Bennet, E. A. Meetings with Jung: Conversations recorded by E. A. Bennet during the years 1946-61. London. Privately printed by The Anchor Press for Eveline Bennet. 1982. Pp. 129.

Review by:
Kenneth Lambert

Edited by:
Andrew Samuels

The late Dr E. A. Bennet, who died in 1977 in his eighty-ninth year, combined the academic study of philosophy, theology and medicine at Trinity College, Dublin, with military experience during two World Wars and long years of practice in psychiatry and psychotherapy.

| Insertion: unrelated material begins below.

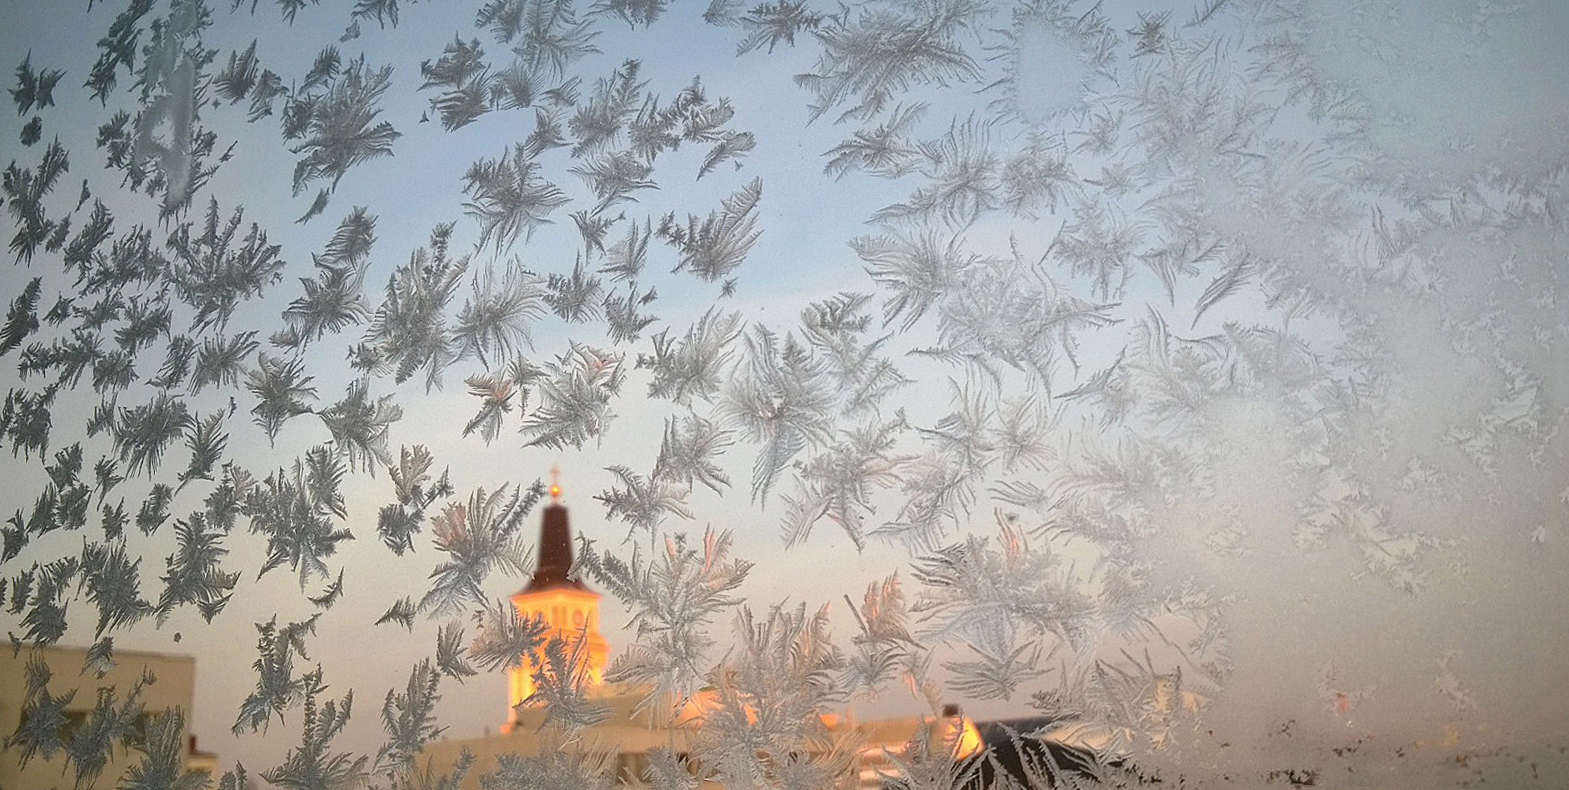 Oulun tuomiokirkkoseurakunnan risti kuvattuna pakkaspäivänä ikkunan läpi.Ikkunassa on kuurankukkia. Kuva: S...

This must have made for common ground between himself and Jung whom he met for the first time in the early Thirties, even before 1935 when he became greatly impressed by the personality of Jung on the occasion of Jung's Tavistock Lectures. The sympathy thus activated resulted in Bennet lecturing regularly on Jung and other topics in the Medical School at Trinity, in his participating for a time in the newly set-up training in the Society of Analytical Psychology, and in his influencing young psychiatrists in the Maudsley Hospital into taking an interest in Jung.

After World War II, Bennet became a friend of Jung, and during the years 1946 to 1961 spent sixteen periods of time with him, in all seventy-eight days, during the last fifteen years of Jung's life until his death in 1961. Those were the years that were to see the publication of Jung's creative, highly original and extended historical studies. Bennet especially intensified the visits in 1955, the year of Jung's 80th birthday celebrations, a year when a furore was arising over the publication of ‘Answer to Job’ (in German in 1952 and in English in 1954). It was above all, however, the year in which Jung experienced the intense grief and sense of loss that were inevitably connected with the death of Emma, his wife.